Un mauvais papa donc, ou plutôt un meilleur papa ? Propos de bobo bien pensant, ou vraie philosophie de vie ? Je vous laisse juger (et le temps dira)…
« Minimalist Moms » : le choix de la simplicité
Des budgets pour nouveau-né stratosphériques, incités par un sentiment de culpabilité insistant induit par le marketing de l’industrie de la puériculture. Des enfants qui se ruent sur des montagnes de paquets de Noël et s’en désintéressent après quelques heures. Puis, un jour, des adolescentes qui ne jurent que par des marques connues… et coûteuses.
Est-ce ringard de vouloir autre chose pour ses enfants ? De plus en plus de parents ont d’autres aspirations. En Grande-Bretagne, on les appelle les « Minimalist Moms », les « mères minimalistes ». Je me revendique père minimaliste (j’aurais eu du mal, vous me direz, à me revendiquer mère minimaliste…).

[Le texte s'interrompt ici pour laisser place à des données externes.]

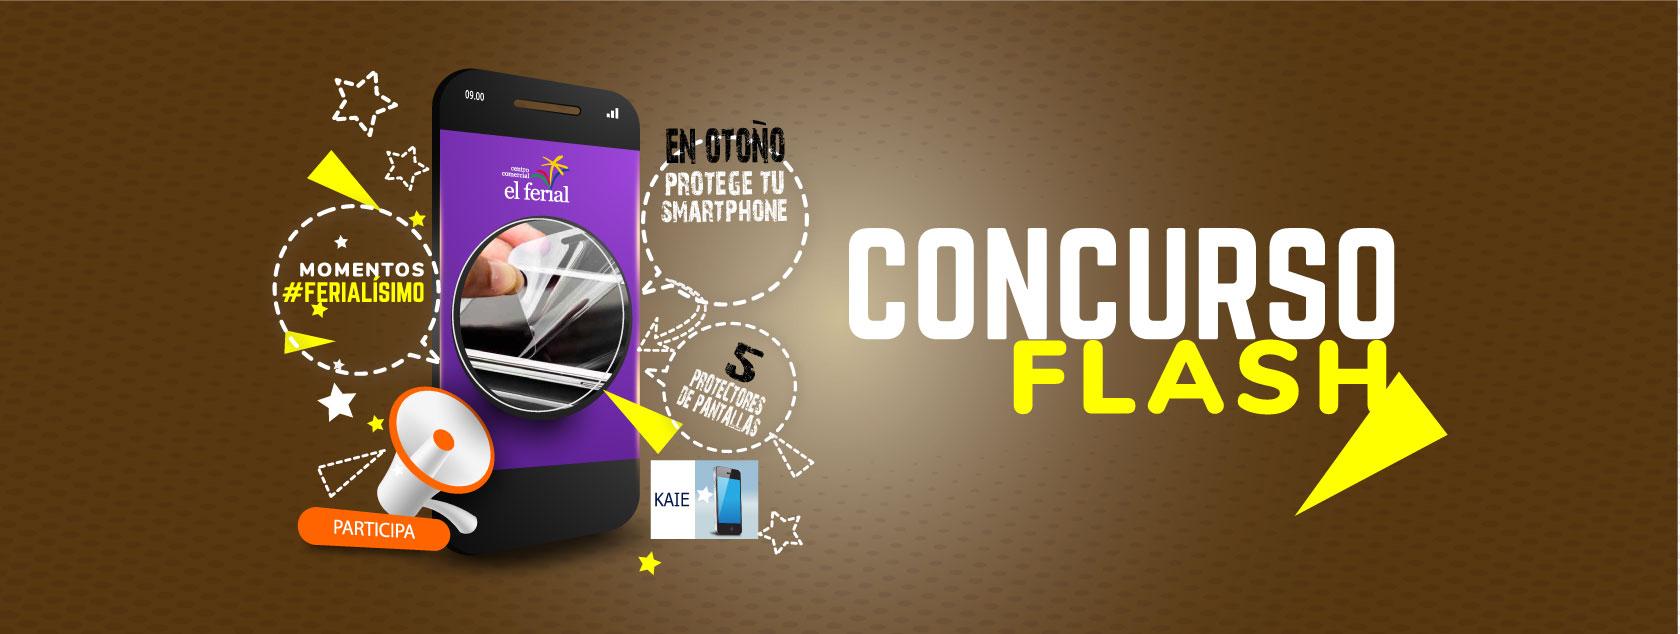 Concurso Flash. Regalamos 5 protectores de pantalla

Contenant ou contenu… les enfants ne font pas toujours le choix auquel on s’attend !
La crise a parfois du bon
L’étiquette « maman minimaliste » est inventée par une mère de famille anglaise, Hattie Garlick, qui, en 2012, perd son emploi. Peu avant Noël, justement. Pour se rendre maître de son sort et faire face, elle décide de ne plus rien dépenser pour son enfant durant toute l’année 2013, sauf, bien sûr, les frais de nourriture et de soins médicaux.
Son exemple convainc : d’autres femmes le suivent et des livres, sites et blogs se multiplient, vantant la démarche. Chacun(e) trouve sa façon personnelle de limiter les dépenses : certaines décident de ne plus aller au fast-food, d’autres d’acheter moins de jouets, de refuser les vêtements de marques, voire carrément de supprimer les cadeaux d’anniversaire.
Faites votre choix
De mon côté, j’en ai fait essentiellement quatre :
Que des vêtements achetés de seconde main : c’est fou comme les enfants grandissent vite, vous le savez, donc les vêtements d’occasion sont peu usés ! Alors nous faisons des virées dans les friperies, et revenons équipés pour 6 mois de beaux vêtements (je vous promets !), pour 10 à 20 euros par enfant (je vous jure…).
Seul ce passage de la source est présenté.